Start of Data extract

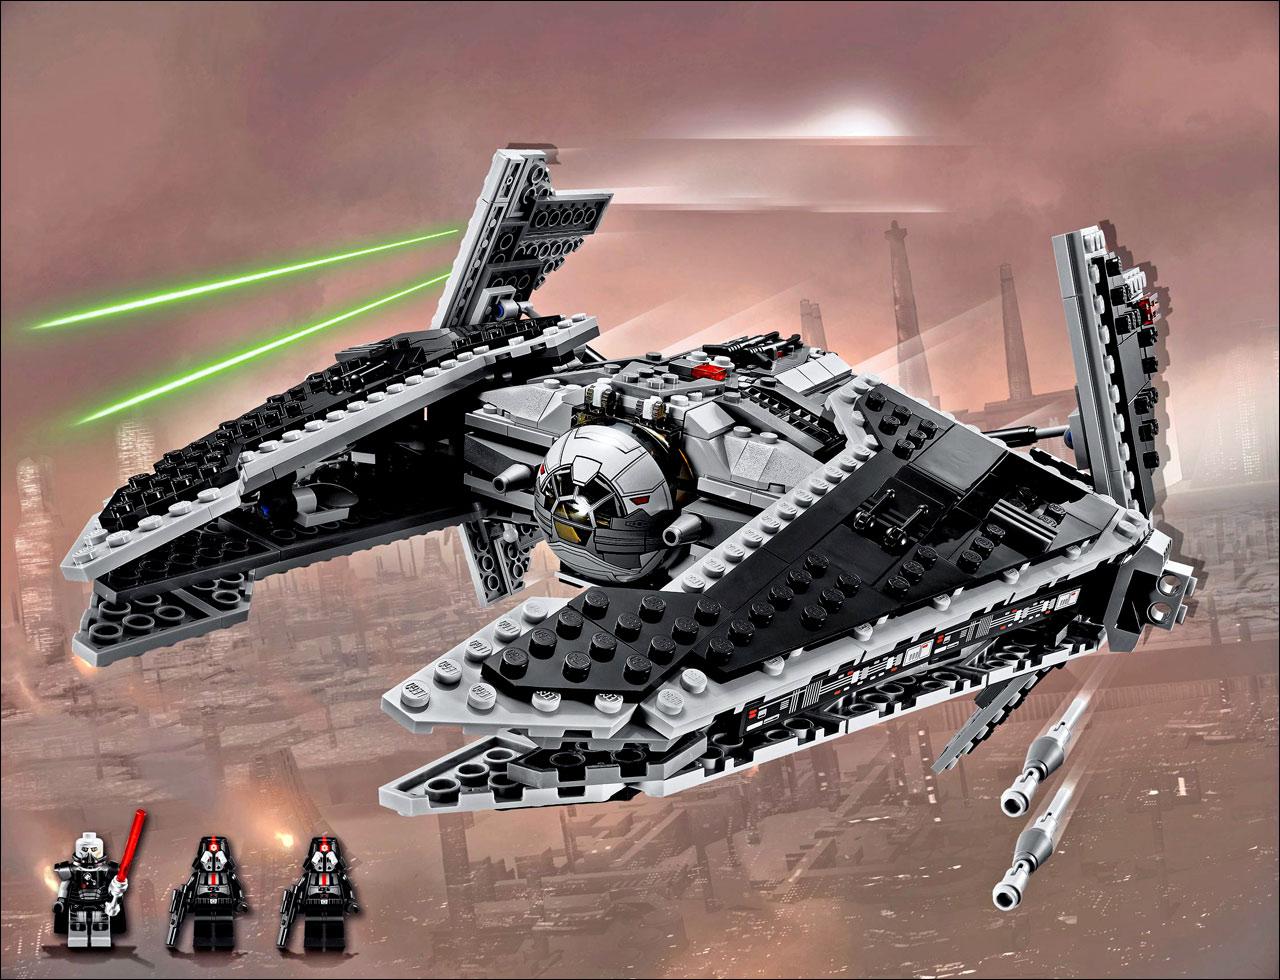 illustration du set 9500 sith fury class interceptor nouveauts lego star wars 2012
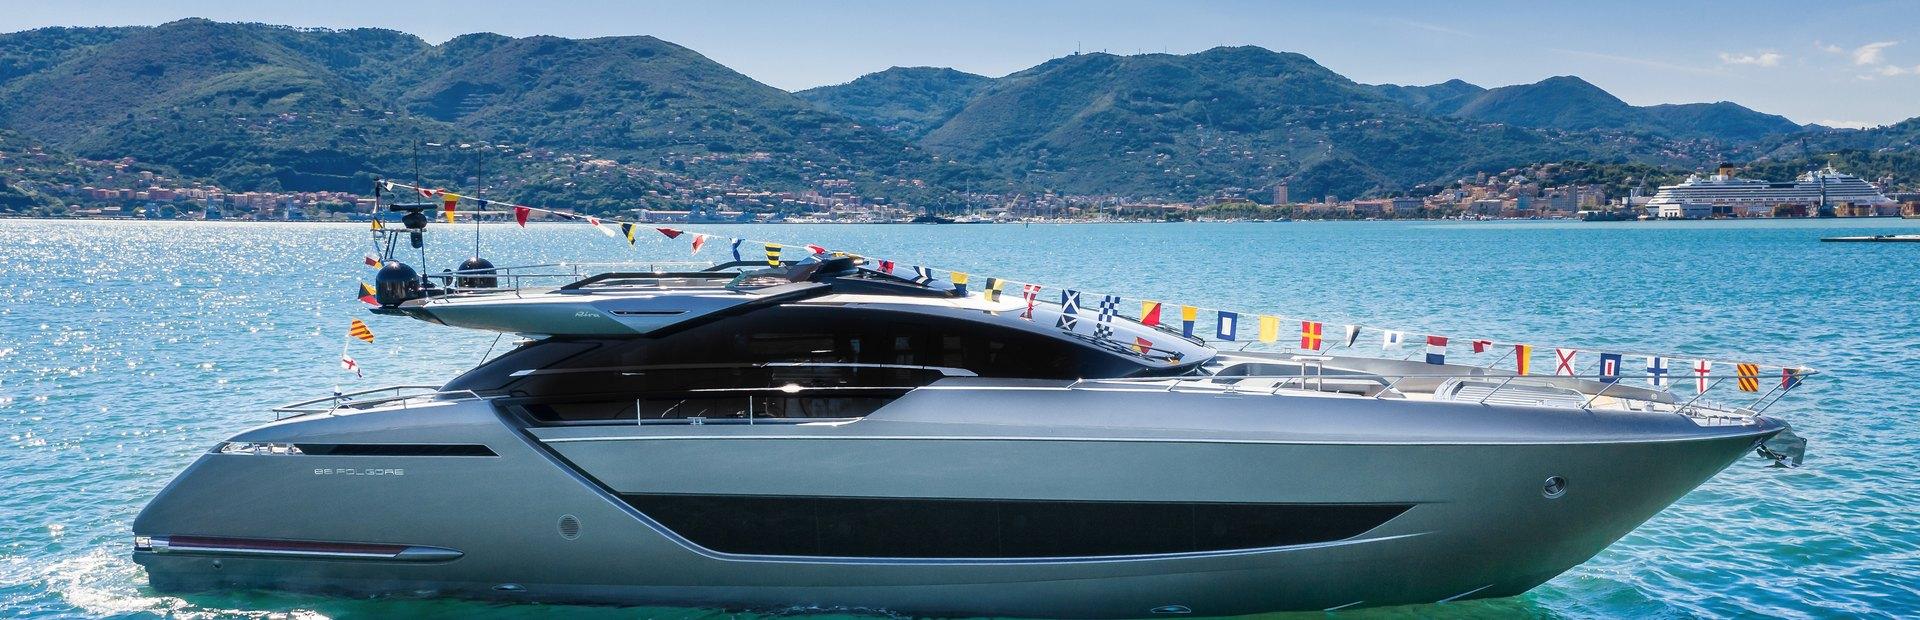 Riva 88' Folgore Yacht Charter
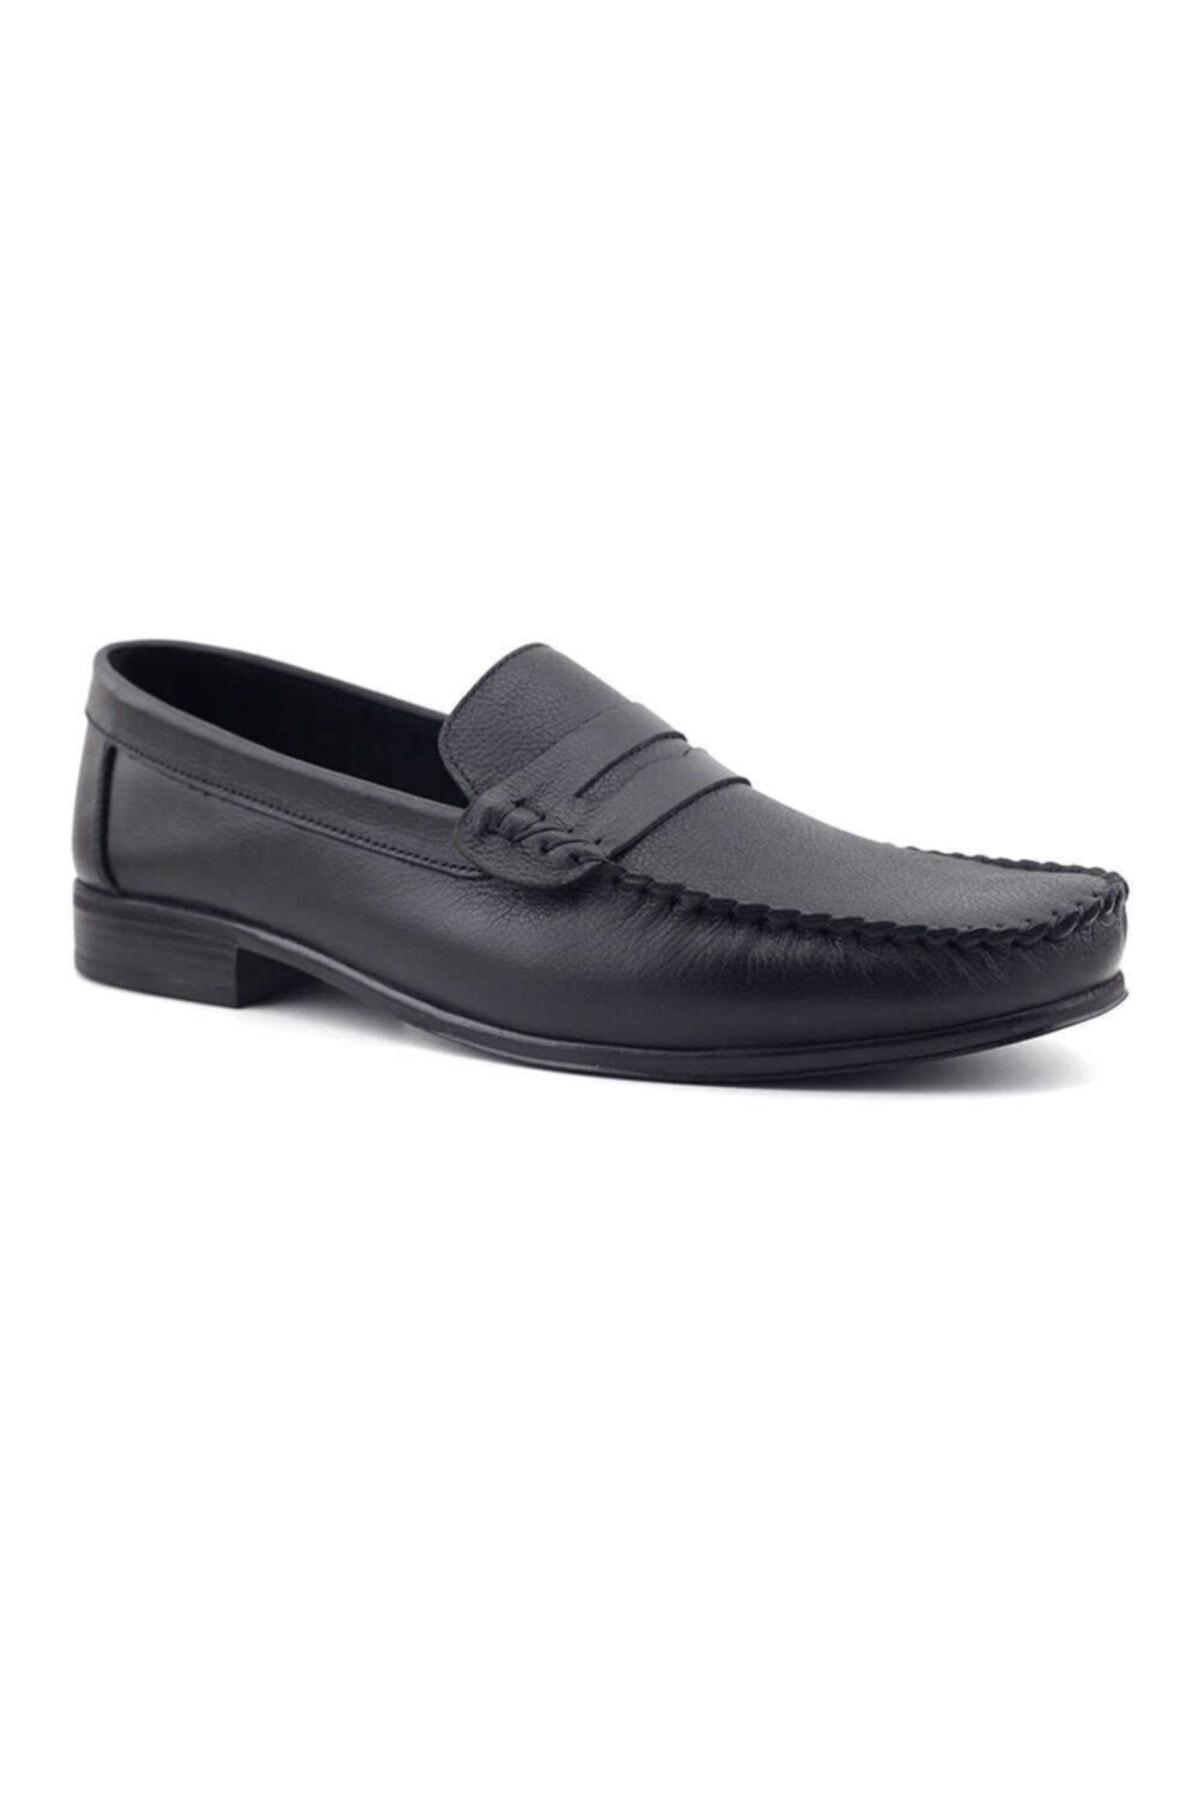 Kayra Catchers 2020 Hakiki Deri Erkek Ayakkabı-siyah 2

End of Data extract

- **What is needed**:
What is needed is an exact copy of the lines from the one with "Riva 88' Folgore Yacht Charter" through the end of the data above, both included, minus any pictures.

- **Task response**:
 Riva 88' Folgore Yacht Charter
 Kayra Catchers 2020 Hakiki Deri Erkek Ayakkabı-siyah 2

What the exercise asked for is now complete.